It was kind of an inside joke, I think. Baaad knows that I am the resident nerdy guy on here and likes to remind me of such sometimes. It's all good.

And wasn't that Mr Hat?


----------



## Sick467 (Oct 29, 2019)

I added the following data points to the list in the OP. If those of you who have listed your builds can add these...it would be great.

*31 Fuel Octane - ???
32 How do you get to that octane (91, 93, + additive w/brand, race fuel mix, etc) - ???*


----------



## Machinest-guy (Jul 19, 2019)

Good morning. I'm starting out on a stroked Pontiac 389 build for my '65 Convertible. I've been prowling the forums here for ideas and so on. So this thread is spot on for research. Thank you to the participants. 
My objective was to retain my date code correct OEM block and maintain a period correct look of an engine which could have been assembled in the early 70's when these cars were easily obtainable and hot rodded, but add modern internal technology to improve output. Motivation to do this now comes from discovery that my stock crank is cracked on several rod journals and the otherwise well running engine had become contaminated with grit when doing a carburetor swap / valley pan PCV grommet oil leak repair. I took the engine apart for cleaning after it was removed to install reproduction cast iron headers which led to magniflux inspection of the crank. 

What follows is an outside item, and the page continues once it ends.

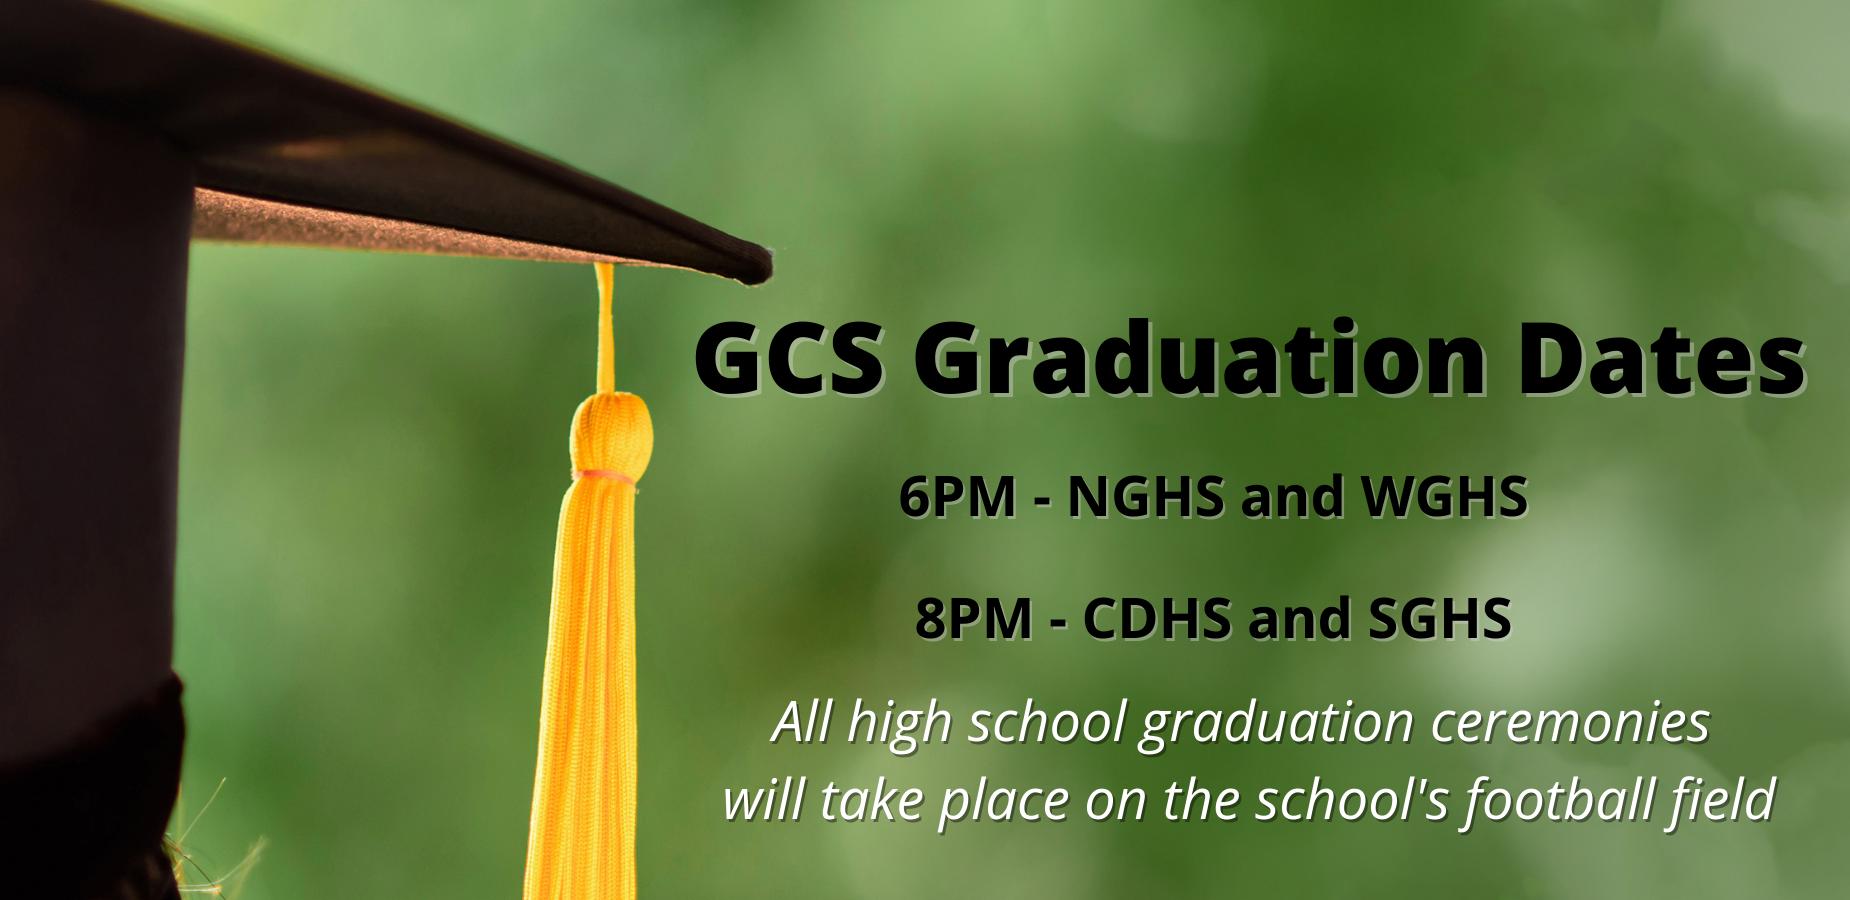 GCS Announces Graduation Dates
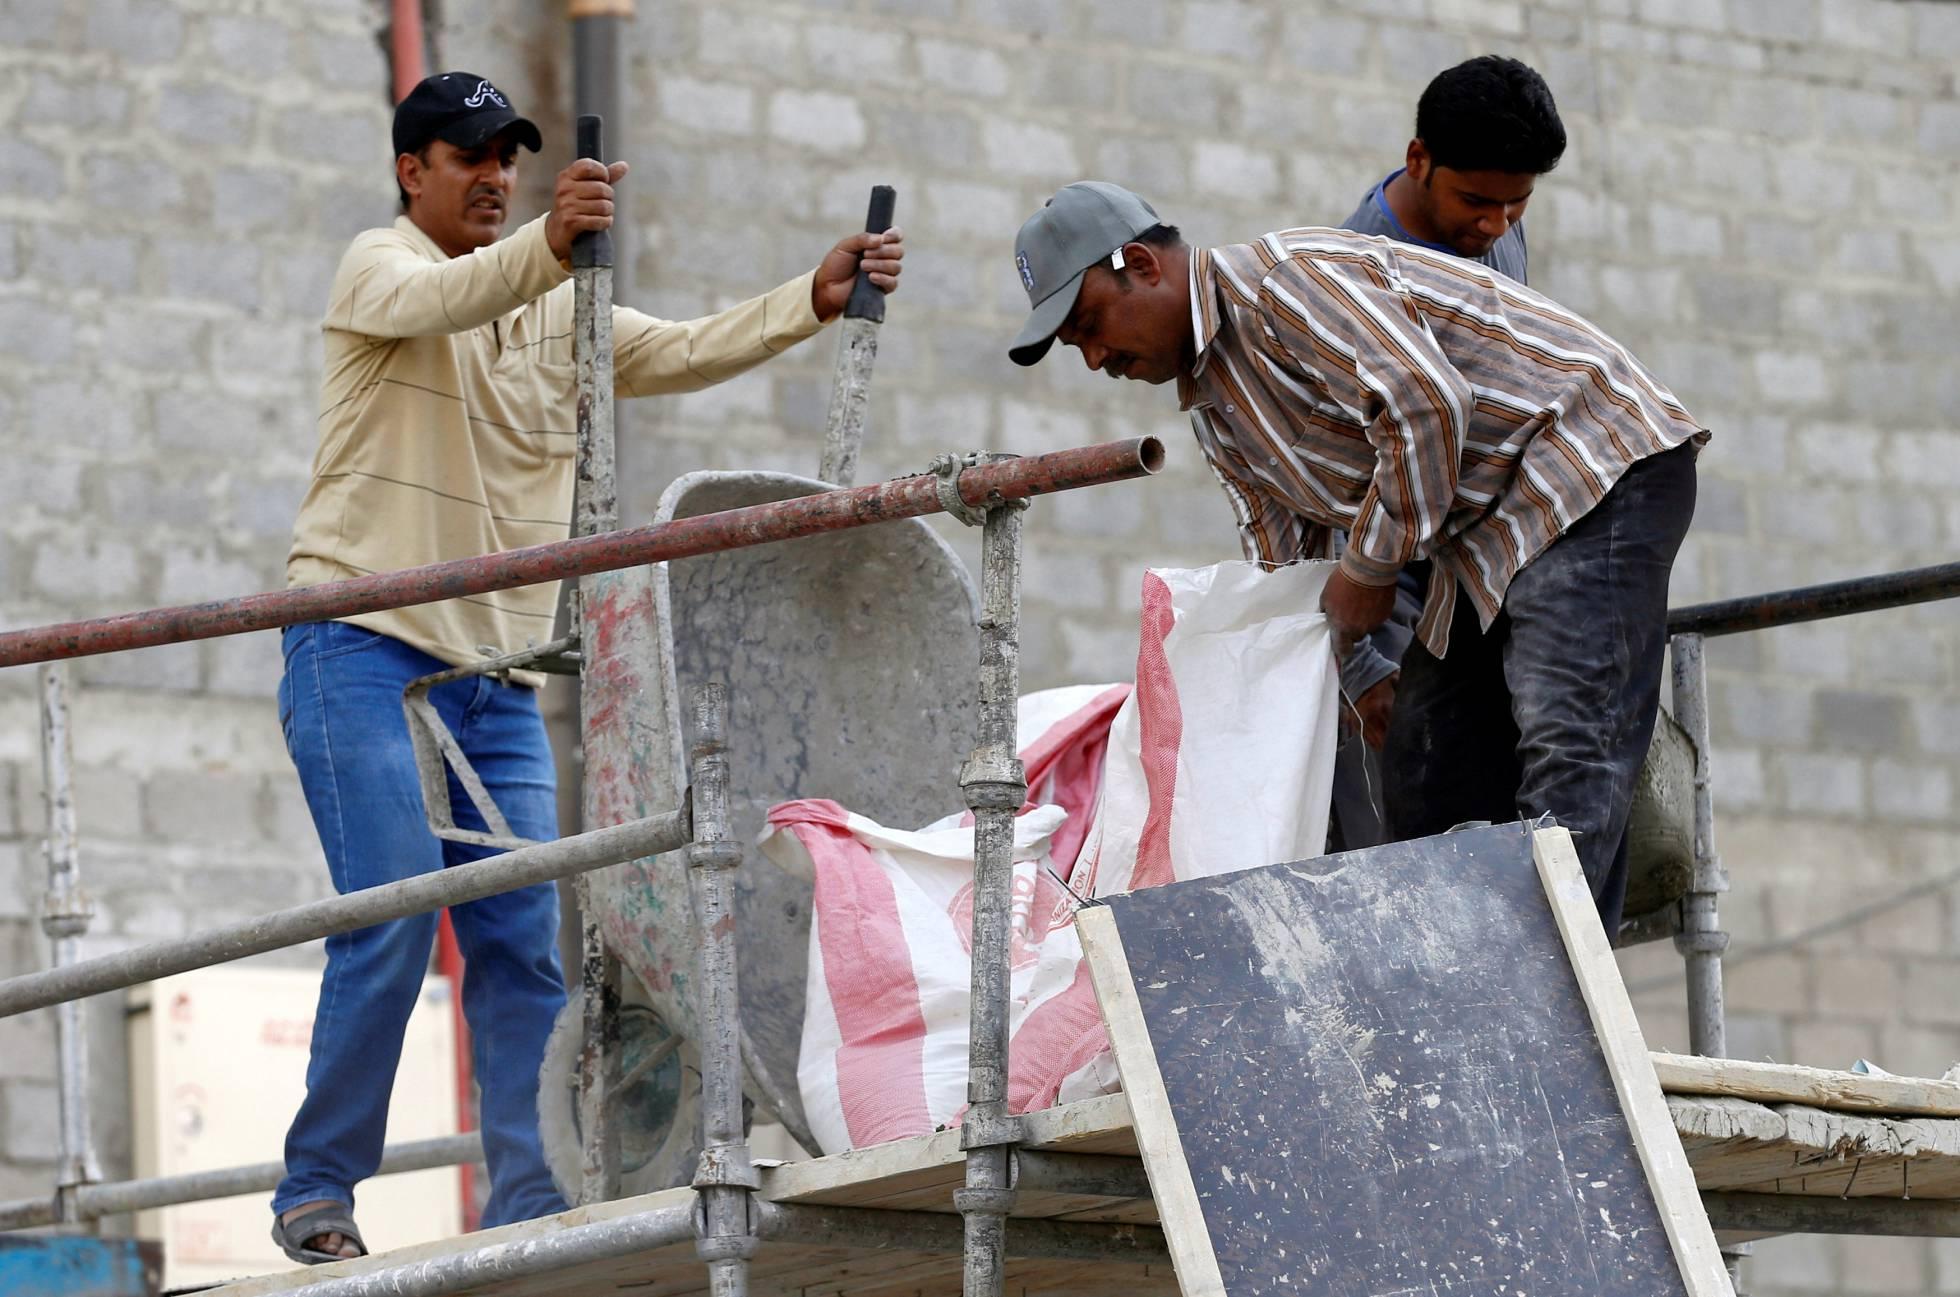 Capitalismo en Arabia Saudí: Millones de obreros inmigrantes... El mayor fondo soberano... 1473664333_127634_1473677123_noticia_normal_recorte1

Finding the crank cracked led me to toss my rods, pistons, rings, and main bearing caps in the trash. In my opinion all were components which might have sustained historic damage because the crank had apparently been overloaded to failure by years of racing, high speed touring, and substandard (modern) fuel; despite those parts passing magniflux and dye glow inspection now. Because of modern oil issues causing accelerated flat tappet cam wear I've led myself into wanting a roller cam conversion but feel a few of my tappet bores may be quite thin to stand increased side loading. I've been aware through conversations with Ed Iskenderian back in the early 70's of Micky Thompson's efforts to buttress Pontiac tappet bore areas with filler plates and epoxy since the late 1960's, so implementing this sort of modification path became indicated. As I added up the costs associated with reinforcement of my block with 4 bolt caps, hard block cylinder filler, tappet area buttress plates, and various "normal" race engine machine work of square decking, etc to withstand increased operating forces, an aftermarket block became a more cost effective solution. 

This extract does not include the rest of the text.